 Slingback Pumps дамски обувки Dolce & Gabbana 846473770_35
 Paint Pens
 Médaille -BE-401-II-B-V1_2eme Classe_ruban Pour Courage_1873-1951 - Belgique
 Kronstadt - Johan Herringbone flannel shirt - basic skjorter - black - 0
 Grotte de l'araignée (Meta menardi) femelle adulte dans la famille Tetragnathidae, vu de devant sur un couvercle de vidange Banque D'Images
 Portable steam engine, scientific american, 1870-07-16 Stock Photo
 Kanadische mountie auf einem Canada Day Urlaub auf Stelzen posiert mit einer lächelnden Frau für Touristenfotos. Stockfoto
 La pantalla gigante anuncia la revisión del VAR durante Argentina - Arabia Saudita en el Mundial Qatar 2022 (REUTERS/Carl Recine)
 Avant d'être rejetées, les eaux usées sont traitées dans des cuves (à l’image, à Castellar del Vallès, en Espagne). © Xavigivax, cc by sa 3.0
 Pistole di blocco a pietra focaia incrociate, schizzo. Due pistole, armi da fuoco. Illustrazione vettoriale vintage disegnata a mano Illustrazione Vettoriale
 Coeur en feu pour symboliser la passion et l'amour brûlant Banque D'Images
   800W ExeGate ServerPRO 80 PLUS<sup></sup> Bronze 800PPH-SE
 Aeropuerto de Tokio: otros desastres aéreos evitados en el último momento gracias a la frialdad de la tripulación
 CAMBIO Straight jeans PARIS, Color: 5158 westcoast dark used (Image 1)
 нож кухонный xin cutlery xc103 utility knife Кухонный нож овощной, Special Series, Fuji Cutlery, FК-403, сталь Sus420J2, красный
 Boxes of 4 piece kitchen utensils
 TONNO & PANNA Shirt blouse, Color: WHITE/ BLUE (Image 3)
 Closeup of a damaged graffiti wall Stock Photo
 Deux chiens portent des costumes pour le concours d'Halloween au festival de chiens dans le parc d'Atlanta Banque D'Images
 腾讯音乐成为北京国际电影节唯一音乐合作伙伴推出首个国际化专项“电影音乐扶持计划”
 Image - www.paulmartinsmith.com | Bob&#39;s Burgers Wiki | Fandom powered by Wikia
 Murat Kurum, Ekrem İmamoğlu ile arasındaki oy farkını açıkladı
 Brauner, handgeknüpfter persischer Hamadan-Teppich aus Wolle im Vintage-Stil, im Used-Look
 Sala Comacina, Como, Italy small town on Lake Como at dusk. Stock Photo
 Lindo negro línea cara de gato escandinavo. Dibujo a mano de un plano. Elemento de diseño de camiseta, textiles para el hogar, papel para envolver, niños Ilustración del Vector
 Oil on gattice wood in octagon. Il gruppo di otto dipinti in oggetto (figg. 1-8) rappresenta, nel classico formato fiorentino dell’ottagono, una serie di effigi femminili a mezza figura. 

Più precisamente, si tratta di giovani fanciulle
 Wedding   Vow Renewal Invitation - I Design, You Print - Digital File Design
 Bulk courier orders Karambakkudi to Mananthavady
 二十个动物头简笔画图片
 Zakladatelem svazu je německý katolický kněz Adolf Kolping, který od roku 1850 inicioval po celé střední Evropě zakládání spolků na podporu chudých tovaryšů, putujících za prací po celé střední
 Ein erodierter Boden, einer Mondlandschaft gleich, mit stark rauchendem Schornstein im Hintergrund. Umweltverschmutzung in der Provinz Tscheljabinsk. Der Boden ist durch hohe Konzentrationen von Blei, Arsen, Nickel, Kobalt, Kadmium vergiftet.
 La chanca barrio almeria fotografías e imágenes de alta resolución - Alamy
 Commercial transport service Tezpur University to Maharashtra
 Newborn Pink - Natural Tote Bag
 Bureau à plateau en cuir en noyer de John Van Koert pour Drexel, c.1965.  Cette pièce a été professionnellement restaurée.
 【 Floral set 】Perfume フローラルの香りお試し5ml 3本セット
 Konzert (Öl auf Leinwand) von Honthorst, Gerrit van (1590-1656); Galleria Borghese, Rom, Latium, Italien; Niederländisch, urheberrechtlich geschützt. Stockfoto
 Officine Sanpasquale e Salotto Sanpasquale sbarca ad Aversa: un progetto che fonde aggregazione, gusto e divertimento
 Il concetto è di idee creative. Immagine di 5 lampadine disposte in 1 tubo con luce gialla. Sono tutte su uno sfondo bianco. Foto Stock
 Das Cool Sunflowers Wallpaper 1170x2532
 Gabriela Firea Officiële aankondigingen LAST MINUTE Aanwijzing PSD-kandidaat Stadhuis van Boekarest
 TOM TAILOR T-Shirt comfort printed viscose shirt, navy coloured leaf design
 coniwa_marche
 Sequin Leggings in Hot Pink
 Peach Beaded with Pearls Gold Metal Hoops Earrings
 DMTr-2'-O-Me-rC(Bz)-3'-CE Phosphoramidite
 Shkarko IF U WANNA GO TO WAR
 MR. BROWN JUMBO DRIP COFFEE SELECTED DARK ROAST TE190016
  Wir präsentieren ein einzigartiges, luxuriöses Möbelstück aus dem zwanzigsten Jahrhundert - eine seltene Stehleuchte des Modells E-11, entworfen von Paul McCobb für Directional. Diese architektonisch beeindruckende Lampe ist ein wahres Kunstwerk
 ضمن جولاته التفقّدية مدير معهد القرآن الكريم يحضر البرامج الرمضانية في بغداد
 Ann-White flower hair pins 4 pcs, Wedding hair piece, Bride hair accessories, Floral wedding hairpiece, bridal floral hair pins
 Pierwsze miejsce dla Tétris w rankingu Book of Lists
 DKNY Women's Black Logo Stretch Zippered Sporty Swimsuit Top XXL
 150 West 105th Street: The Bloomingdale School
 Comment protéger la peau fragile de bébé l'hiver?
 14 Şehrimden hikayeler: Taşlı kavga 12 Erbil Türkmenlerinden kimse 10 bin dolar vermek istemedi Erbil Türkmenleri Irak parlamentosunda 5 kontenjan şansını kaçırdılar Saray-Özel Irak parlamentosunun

# [TASK TO CARRY OUT]
Retype exactly the lines of the data above that fall between the line with "Coeur en feu" and the line with "Zakladatelem svazu je", inclusive, and add nothing.

# [WRITTEN RESPONSE]
 Coeur en feu pour symboliser la passion et l'amour brûlant Banque D'Images
   800W ExeGate ServerPRO 80 PLUS<sup></sup> Bronze 800PPH-SE
 Aeropuerto de Tokio: otros desastres aéreos evitados en el último momento gracias a la frialdad de la tripulación
 CAMBIO Straight jeans PARIS, Color: 5158 westcoast dark used (Image 1)
 нож кухонный xin cutlery xc103 utility knife Кухонный нож овощной, Special Series, Fuji Cutlery, FК-403, сталь Sus420J2, красный
 Boxes of 4 piece kitchen utensils
 TONNO & PANNA Shirt blouse, Color: WHITE/ BLUE (Image 3)
 Closeup of a damaged graffiti wall Stock Photo
 Deux chiens portent des costumes pour le concours d'Halloween au festival de chiens dans le parc d'Atlanta Banque D'Images
 腾讯音乐成为北京国际电影节唯一音乐合作伙伴推出首个国际化专项“电影音乐扶持计划”
 Image - www.paulmartinsmith.com | Bob&#39;s Burgers Wiki | Fandom powered by Wikia
 Murat Kurum, Ekrem İmamoğlu ile arasındaki oy farkını açıkladı
 Brauner, handgeknüpfter persischer Hamadan-Teppich aus Wolle im Vintage-Stil, im Used-Look
 Sala Comacina, Como, Italy small town on Lake Como at dusk. Stock Photo
 Lindo negro línea cara de gato escandinavo. Dibujo a mano de un plano. Elemento de diseño de camiseta, textiles para el hogar, papel para envolver, niños Ilustración del Vector
 Oil on gattice wood in octagon. Il gruppo di otto dipinti in oggetto (figg. 1-8) rappresenta, nel classico formato fiorentino dell’ottagono, una serie di effigi femminili a mezza figura. 

Più precisamente, si tratta di giovani fanciulle
 Wedding   Vow Renewal Invitation - I Design, You Print - Digital File Design
 Bulk courier orders Karambakkudi to Mananthavady
 二十个动物头简笔画图片
 Zakladatelem svazu je německý katolický kněz Adolf Kolping, který od roku 1850 inicioval po celé střední Evropě zakládání spolků na podporu chudých tovaryšů, putujících za prací po celé střední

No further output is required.